Self Distribution is a heavier lift. The institutionalization of the three-tier system in state after state is strong and a legacy that nearly every lawmaker at the state level sees as a necessity. Of course, it isn’t. Self Distribution rights for distillers do not mean that craft distillers would not use wholesalers to distribute their goods. It only means they would have a choice. A choice!

As some of you know, beyond public and media relations via Wark Communications, I also am involved in wine association management. I help manage the National Association of Wine Retailers as its executive director. I understand perfectly the attraction of pursuing the low-hanging fruit, the easy fix. That’s what asking for a permanent reduction in the federal excise tax is. Now is the time, however, to go big.

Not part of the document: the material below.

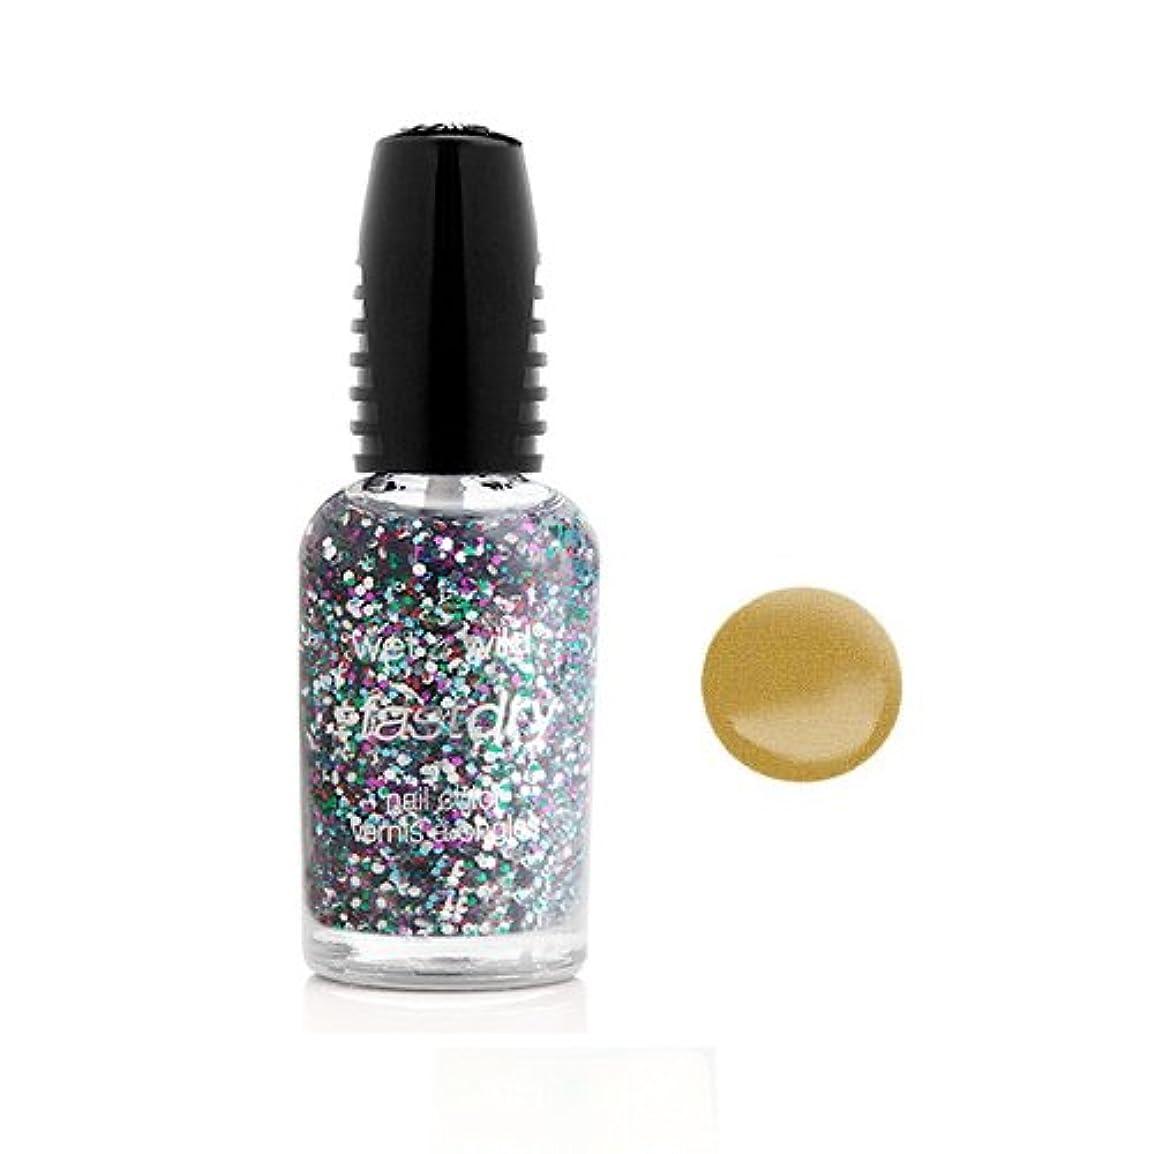 眠り傷つける乳剤WET N WILD Fastdry Nail Color - The Gold & the Beautiful (並行輸入品)

Lawmakers are, at the moment, amenable to making changes to their alcohol regulatory systems. They see the outsized impact that the pandemic has had on the alcohol and hospitality industries. Witness the numerous states that have allowed bars and restaurants to deliver premade drinks to consumers’ homes. Try to imagine this kind of reform happening outside the context of a pandemic-devastated economy. Distillers asking for the right to widen the size of their marketplace via direct shipments and keeping a larger portion of their sales revenue via self-distribution doesn’t seem nearly as significant a change.

Go big, distillers. Now is the moment to go big.

3 Responses

  1. Jim Bernau - August 18, 2020

    Completely agree. The wine industry is a great example of the benefits to the consumer, communities, those seeking professional, well compensated careers and small business entrepreneurs.

  2. Tom Wark - August 18, 2020


    One thing the spirits industry doesn’t have going for it is that, unlike the wine industry, spirit producers are not geographically concentrated. That winery concentration in CA allowed the Wine Institute to outsized influenced when it went lobbying in different states.

    However, the distilleries do have a hometown advantage. They can convincingly argue that the benefit to them of being able to ship direct to consumers in their state is far more beneficial than any competition that might result from having to also allow out of state distillers to ship in. Also, there is an argument to be made that a state that allows out-of-state retailers to ship in encourages other states to do the same.

    No matter….the benefits to the spirits industry are huge.

  3. Jim Bernau - August 18, 2020

    The wine industry achieved its favorable regulatory environment through effective regulatory and legislative action. Years ago, we actually drafted the bills that gave us self distribution and direct ship privileges and operated a targeted political action effort in key races. You are right that wineries benefited by being located in many diverse legislative districts just as small distillers are now. Oregon could become a Mecca for consumers of distilled spirits. Let’s do this.